Goal of the exercise: Give back every line of the material below exactly, but no images.

Data segment:
-=-=-
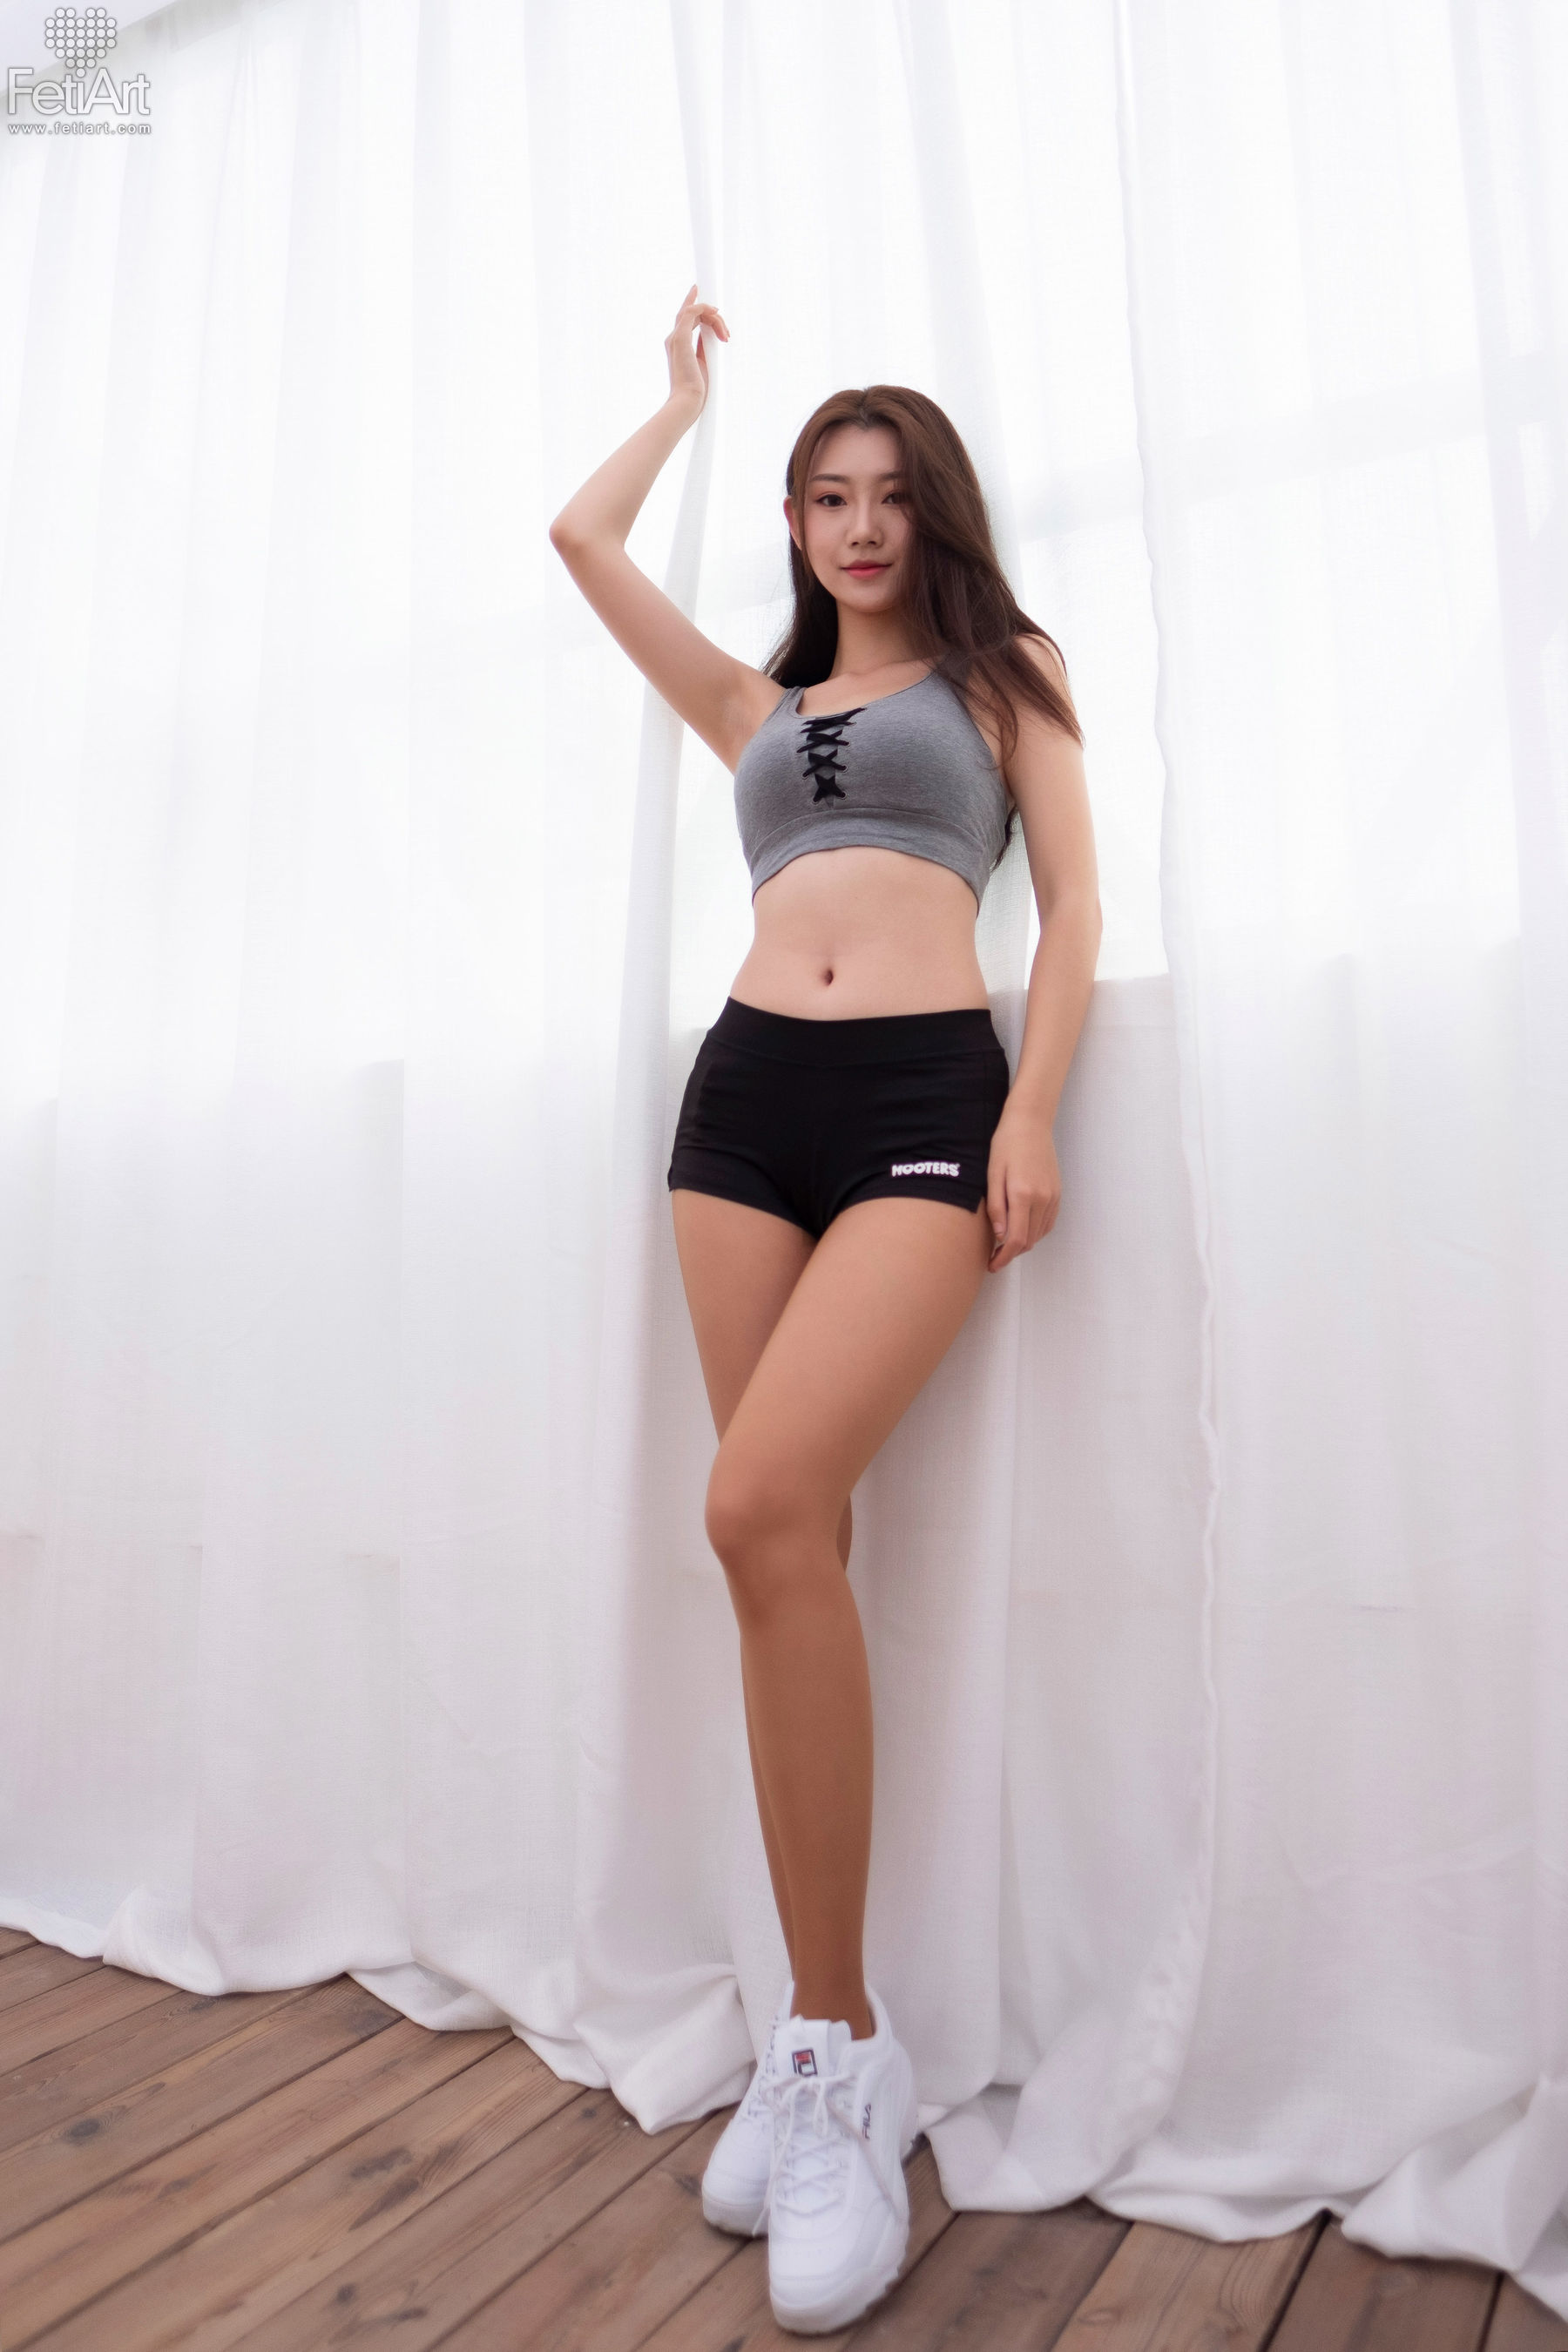 [尚物集FetiArt] No.049 Dream Gym Girl MODEL-Jessica
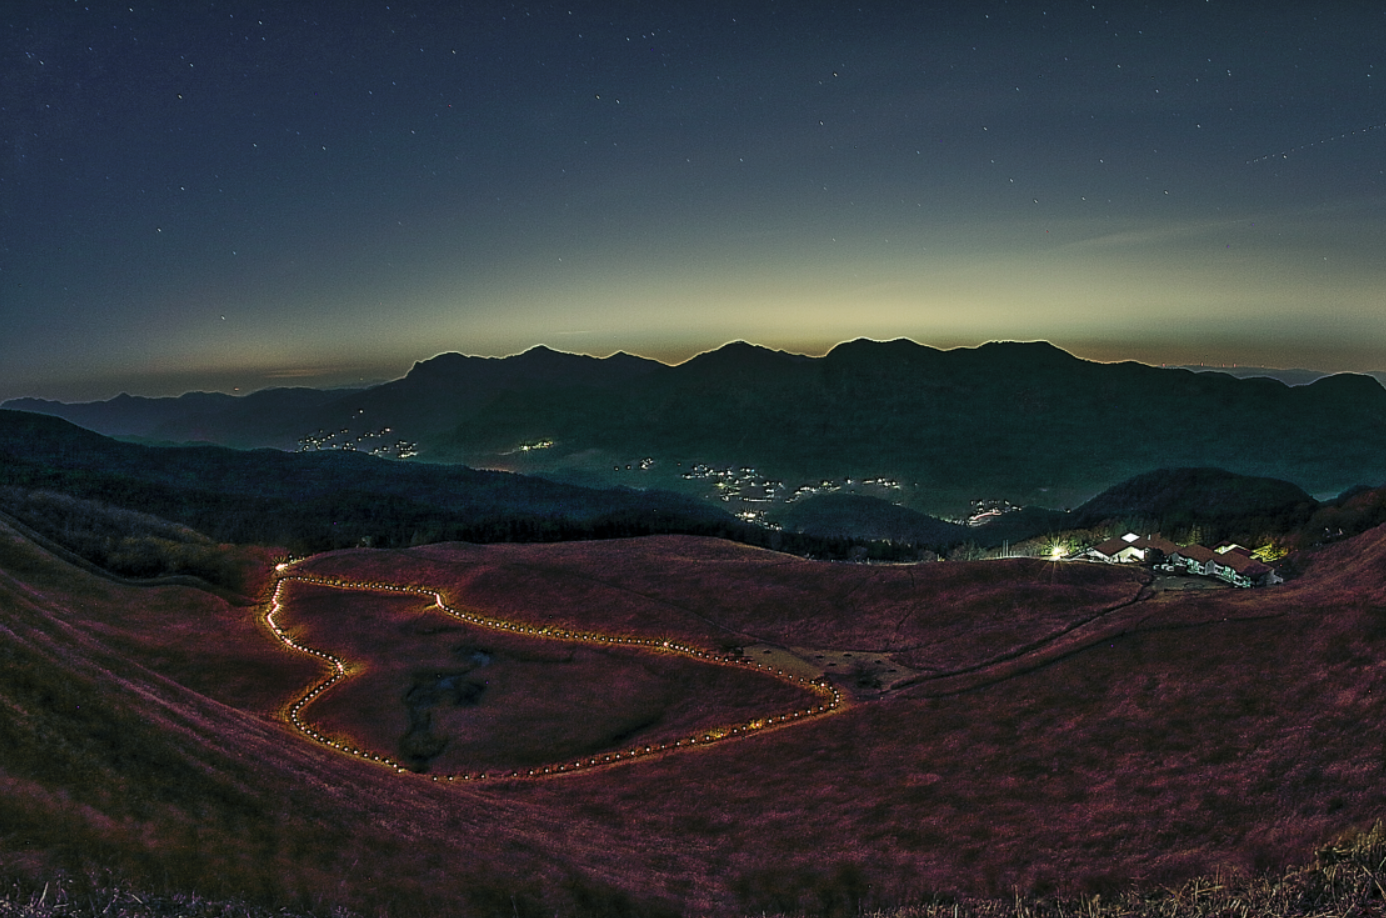 亀山峠から望む夜景
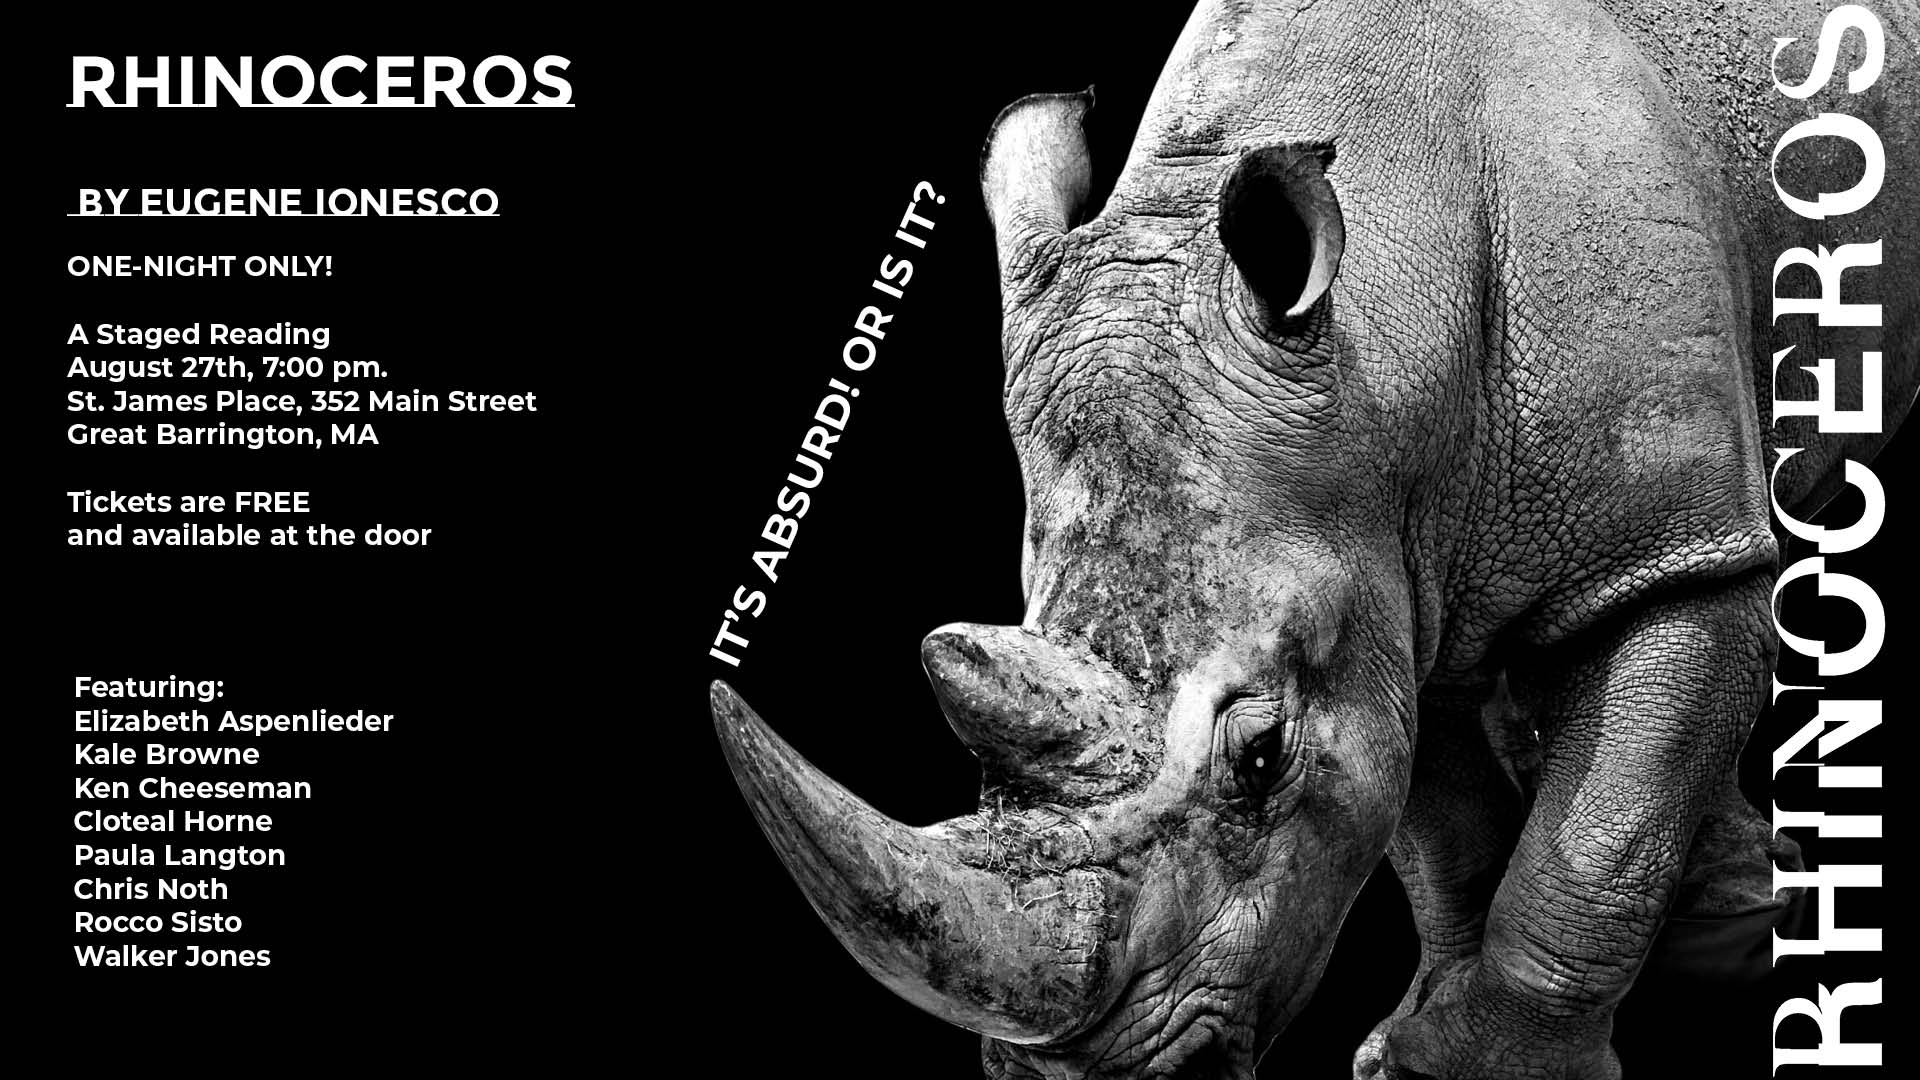 Rhinoceros by Eugene Ionesco
-=-=-
Expected answer:
 [尚物集FetiArt] No.049 Dream Gym Girl MODEL-Jessica
 亀山峠から望む夜景
 Rhinoceros by Eugene Ionesco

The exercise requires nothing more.